Data provided:
Content starts

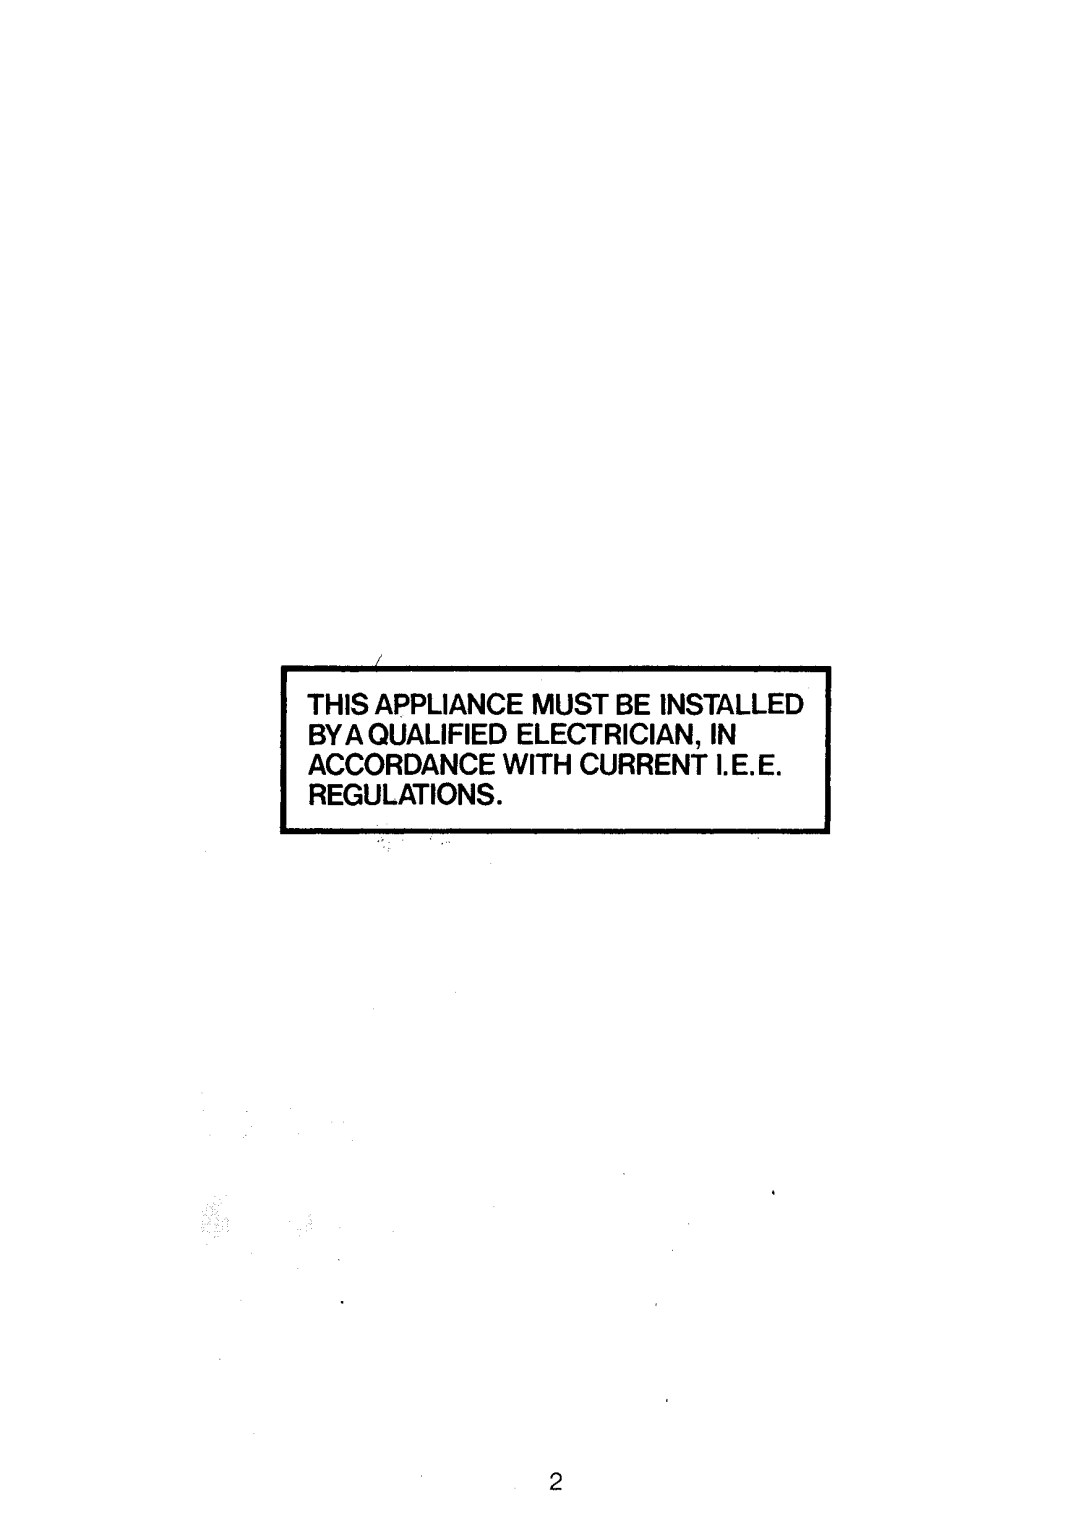 Electrolux CF463 manual 
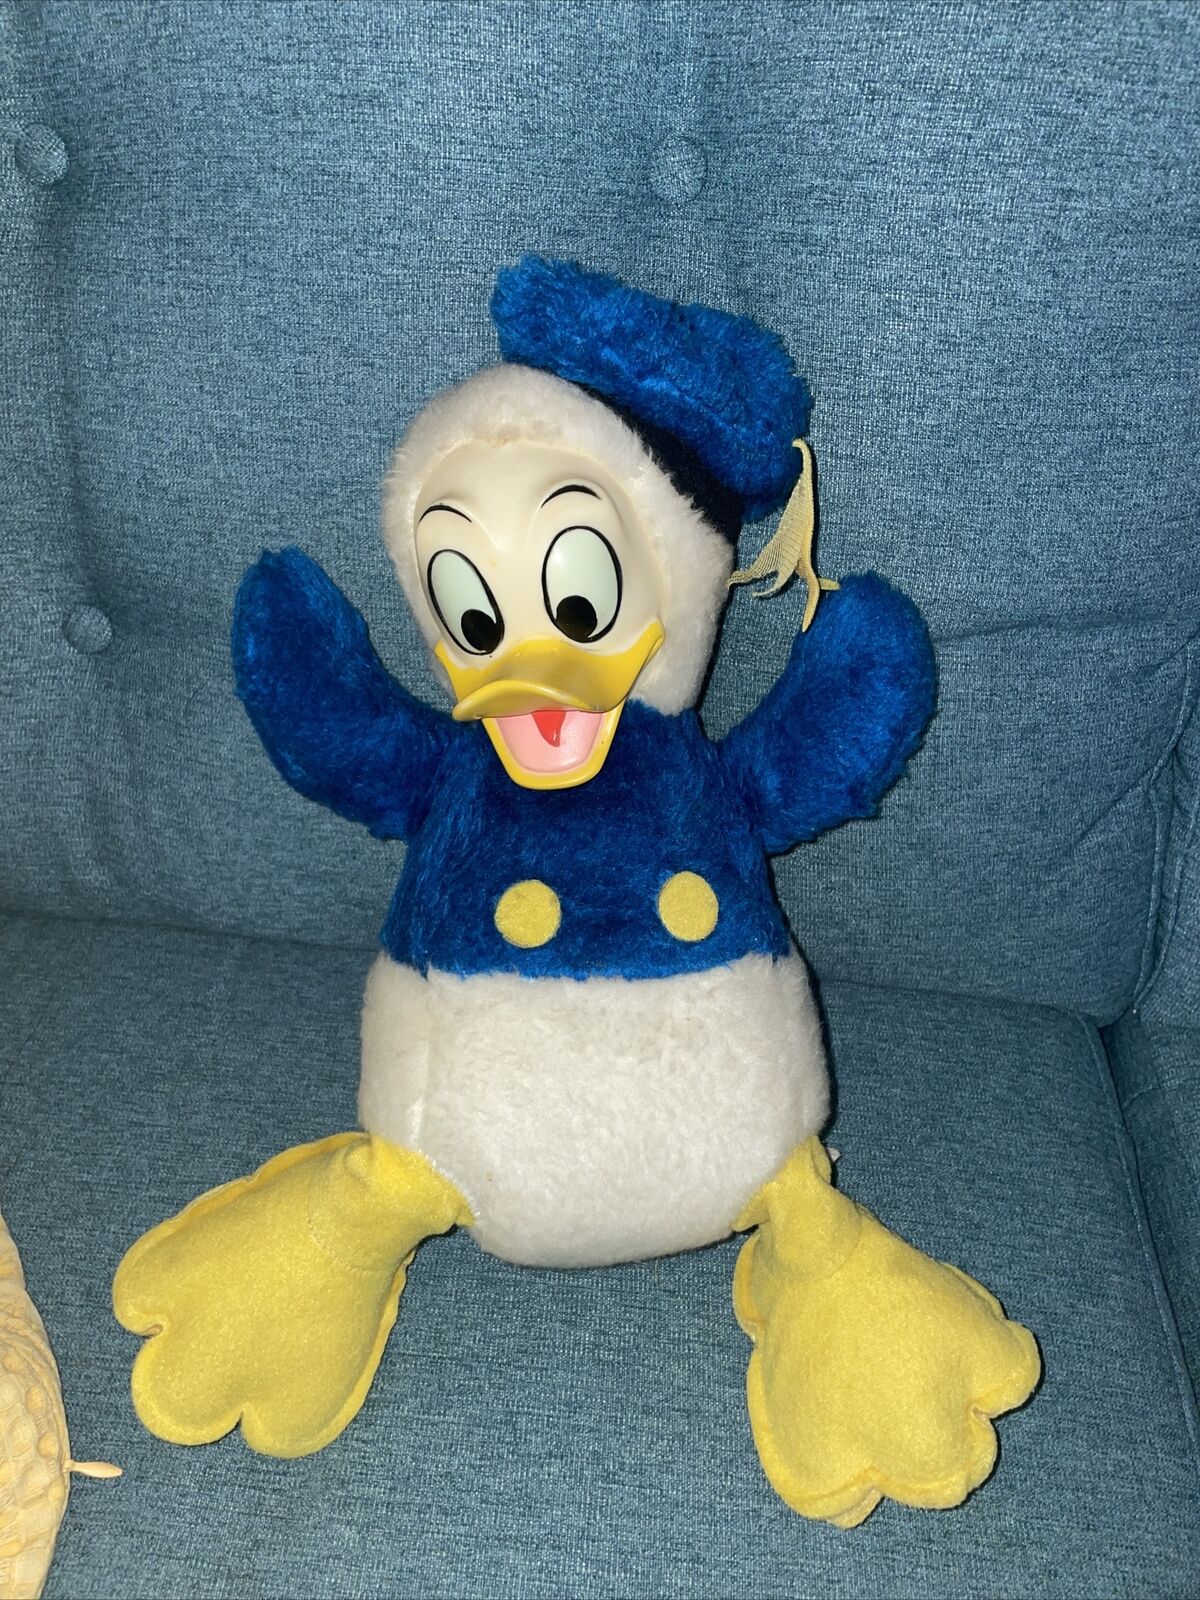 Walt Disney Stuffed Donald Duck Plush Toy Made in California USA 1950s 1960s MCM
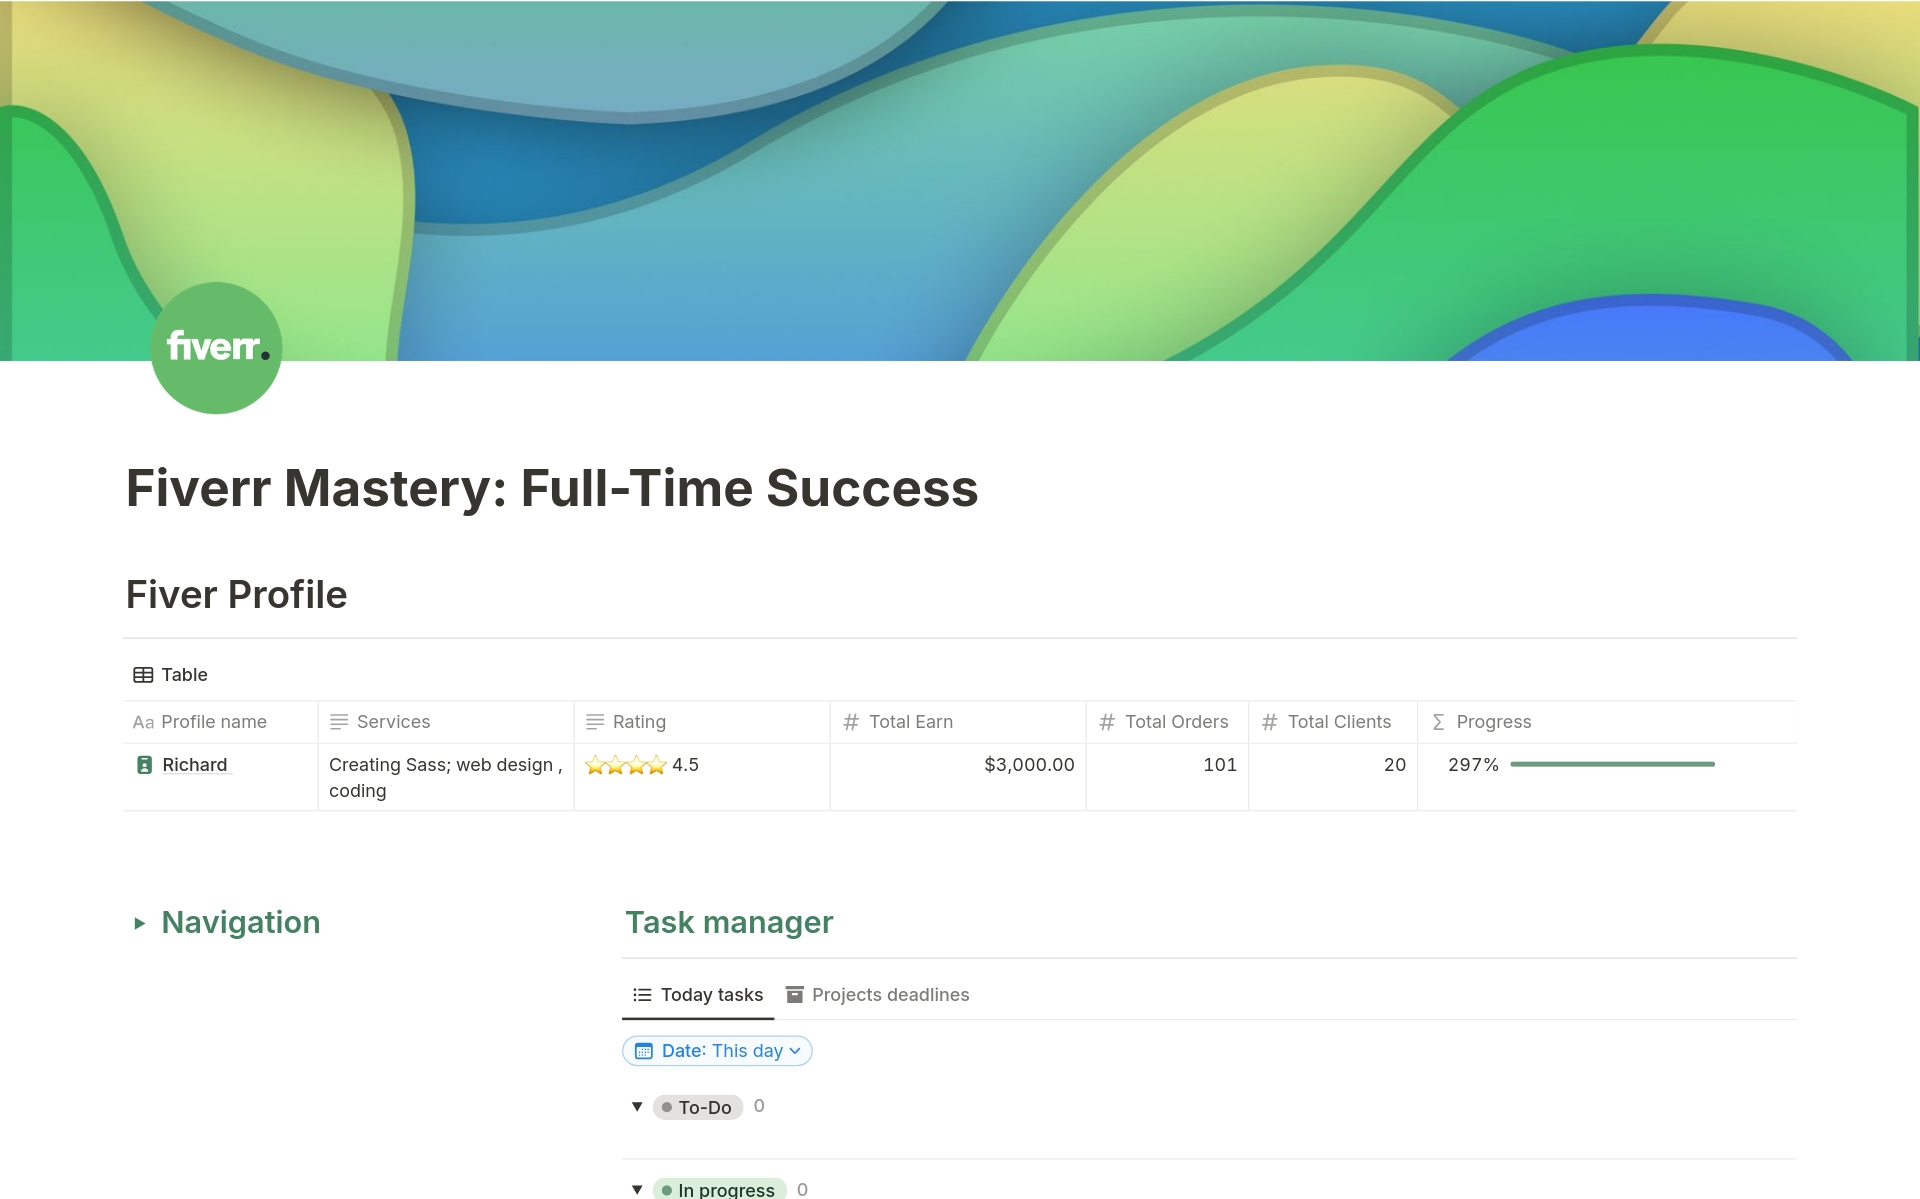 Vista previa de plantilla para Fiverr Mastery: Full-Time Success

Content ends

The listing above should be returned word for word, with pictures omitted.

 Electrolux CF463 manual 
 Walt Disney Stuffed Donald Duck Plush Toy Made in California USA 1950s 1960s MCM
 Vista previa de plantilla para Fiverr Mastery: Full-Time Success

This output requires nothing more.